I have a data in CSV in below format:
"/some/page-1.md","title","My title 1"
"/some/page-1.md","description","My description 1"
"/some/page-1.md","type","Tutorial"
"/some/page-1.md","index","True"
"/some/page-2.md","title","My title 2"
"/some/page-2.md","description","My description 2"
"/some/page-2.md","type","Tutorial"
"/some/page-2.md","index","False"
"/some/page-2.md","custom_1","abc"
"/some/page-3.md","title","My title 3"
"/some/page-3.md","description","My description 3"

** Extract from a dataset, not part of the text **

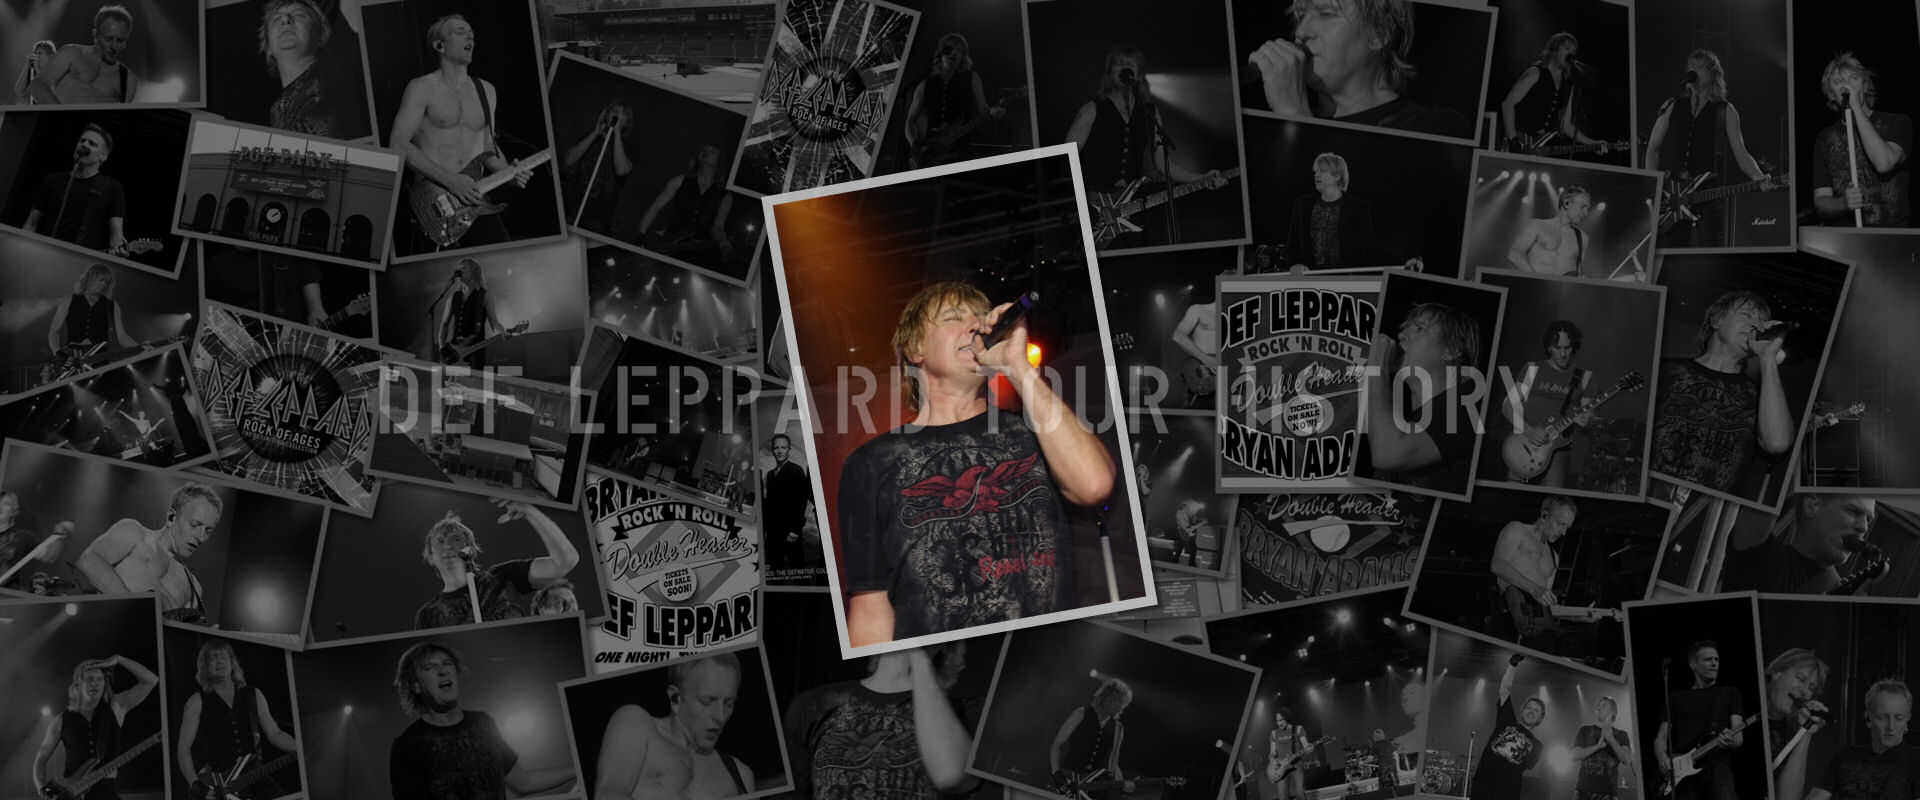 Def Leppard 2005.

"/some/page-3.md","type","Tutorial"
"/some/page-3.md","index","True"
"/some/page-3.md","custom_2","def"
I am reading it to Pandas DataFrame:
df = pd.read_csv(csvFile, index_col=False, dtype=object, header=None)
print(df)
Output is following:
0 1 2
0 /some/page-1.md title My title 1
1 /some/page-1.md description My description 1
2 /some/page-1.md type Tutorial
3 /some/page-1.md index True
4 /some/page-2.md title My title 2
5 /some/page-2.md description My description 2
6 /some/page-2.md type Tutorial
7 /some/page-2.md index False
8 /some/page-2.md custom_1 abc
9 /some/page-3.md title My title 3
10 /some/page-3.md description My description 3
11 /some/page-3.md type Tutorial
12 /some/page-3.md index True
13 /some/page-3.md custom_2 def
I'd like to transform it to DataFrame in below format, where first header is "file" and values are from column 0. Other headers are taken from column 1 and values from column 2:
file title description type index custom_1 custom_2
0 /some/page-1.md My title 1 My description 1 Tutorial True NaN NaN
1 /some/page-2.md My title 2 My description 2 Tutorial False abc NaN
2 /some/page-3.md My title 3 My description 3 Tutorial True NaN def
Is there a way to do this with Pandas?
I have changed your first column names to file, header, and value. So, can easily handle what u want. You need to use pivot_table
method to reach your goal. The final code is shown in below.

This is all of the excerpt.